Le texte qui suit comporte quelques spoilers sur la série Breaking Bad.

A l’image des premières réceptions critiques de la série Better Call Saul, l’annonce d’un film dérivé de la série Breaking Bad avait de quoi laisser perplexe. La démarche de Vince Gilligan était alors la suivante : offrir aux fans l’occasion de retrouver l’univers de leur série favorite tout en bouclant la trajectoire de Jesse Pinkman. Car celle-ci avait été laissée en suspens lors des événements concluant la série. Après avoir été libéré de ses ravisseurs par Walter White, Jesse s’enfuyait au volant d’une Camino tandis que Walt succombait à ses blessures, peu avant l’arrivée de la police. Principalement dédiée à la trajectoire de son anti-héros, la série se clôturait ainsi de la façon la plus logique, sans nous en dire plus sur l’avenir de Jesse.

Diffusé depuis fin 2019 sur la plate-forme Netflix, le film El Camino se propose de nous montrer ce qui est advenu de Jesse Pinkman après sa libération. On y retrouve plusieurs personnages de la série (Badger, Skinny Pete, le vieux Louis) qui aideront (ou non) Jesse à échapper aux autorités. L’intrigue imaginée par Gilligan n’a en soit rien d’exceptionnelle et tourne autour de la nécessité pour son protagoniste de trouver suffisamment d’argent pour financer sa fuite et refaire sa vie. L’intérêt réside surtout dans la portraiture psychologique de Jesse qui, de victime à la volonté brisée (voir la scène où il renonce à faire feu sur Todd), prend ensuite assez d’assurance pour en remontrer aux criminels et se venger. Une manière pour lui d’appliquer la principale leçon de son professeur, et de se révolter à son tour, mais sans perdre de cette humanité qui fait toute la différence avec la trajectoire de Walter White.

Plusieurs années après la fin de la série, c’est un plaisir de retrouver Aaron Paul dans son rôle le plus emblématique. Traversé de nombreux flash-backs, El Camino fait aussi revivre certaines des figures les plus marquantes de la série par le biais des souvenirs de Jesse.
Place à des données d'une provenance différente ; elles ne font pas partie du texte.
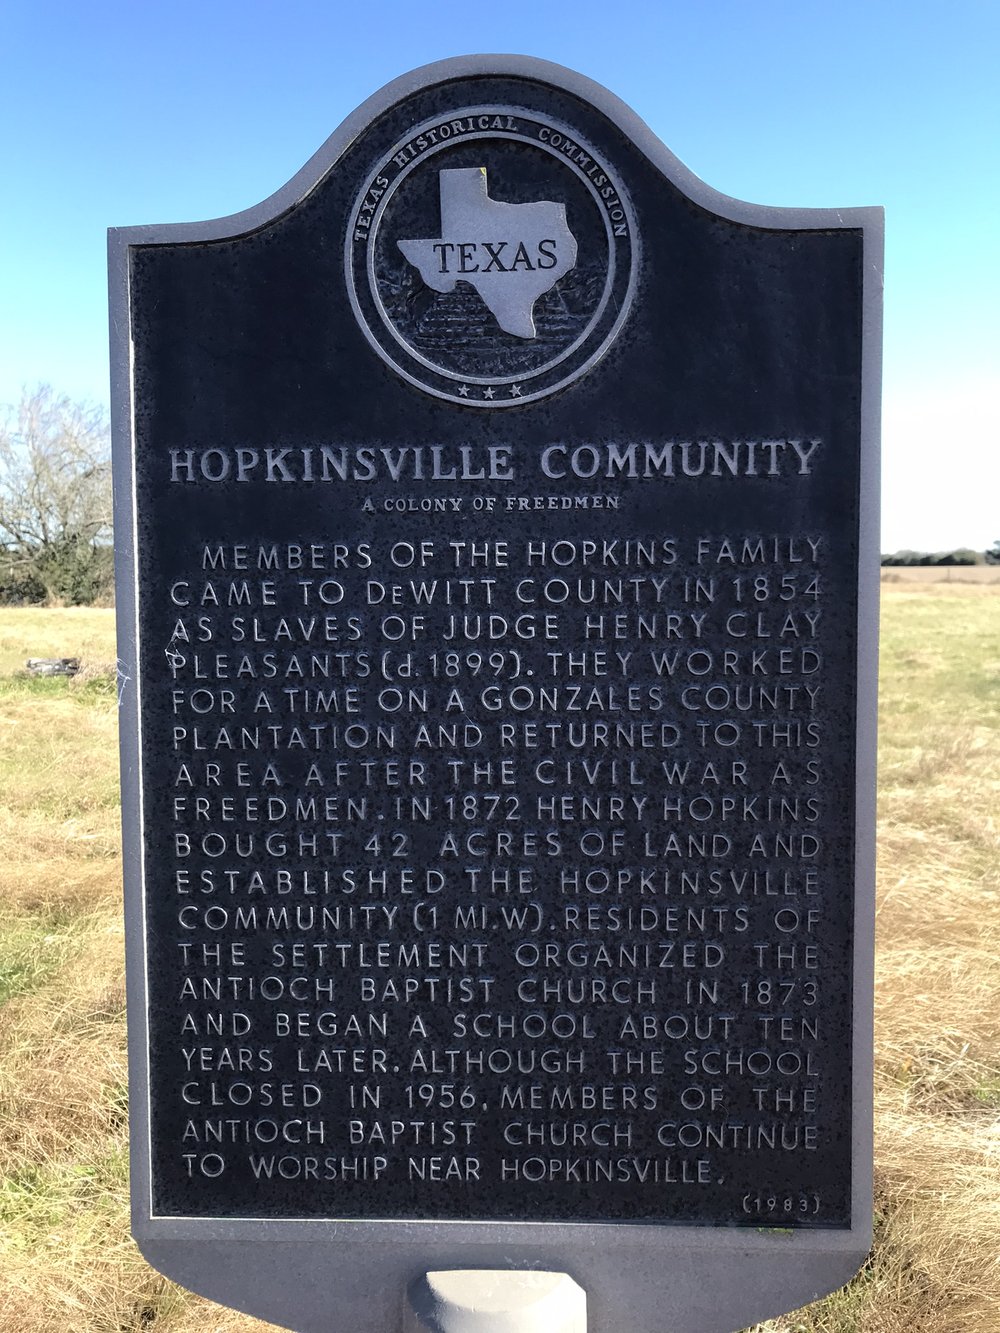 	Hopkinsville Community, A Colony of Freedmen

Des scènes inédites et particulièrement poignantes, dont les fantômes guident le personnage vers la nouvelle vie qu’il peut encore se construire. Outre les apparitions de Jonathan Banks, Jesse Plemons et Kristen Rytter, c’est surtout celle de Bryan Cranston que l’on attend. Le temps d’une séquence douce-amère, Walter White nous revient aux côtés de Jesse, et si les deux personnages en profitent encore pour s’engueuler, le ton retombe très vite pour laisser transparaître la bienveillance du professeur envers son ancien élève. Une scène aussi simple qu’éloquente et qui suffit à résumer à elle-seule l’histoire au centre de la série.

D’un point de vue plus formel, Vince Gilligan revient à son univers avec le savoir-faire d’un cinéaste affirmé et apporte une réelle singularité à sa mise en scène. Il use ainsi de plusieurs techniques de cadrages et s’applique à composer des séquences riches en tension (la fouille de l’appart, le duel), en émotion (les flash-backs) et en humour… noir (la chanson de Todd). Mention spéciale à la scène où Jesse tente de convaincre le vendeur d’aspirateur. A la fois drôle et tendue, elle nous permet de retrouver le charisme tranquille du regretté Robert Forster, décédé la même semaine que la sortie du film. Pour le reste, la beauté de certains décors naturels et le soin particulier donné à la photographie apporte beaucoup aux qualités esthétiques d’un film qui se regarde comme on savoure un long moment de nostalgie. El Camino, c’est tout simplement la plus belle conclusion au phénomène Breaking Bad.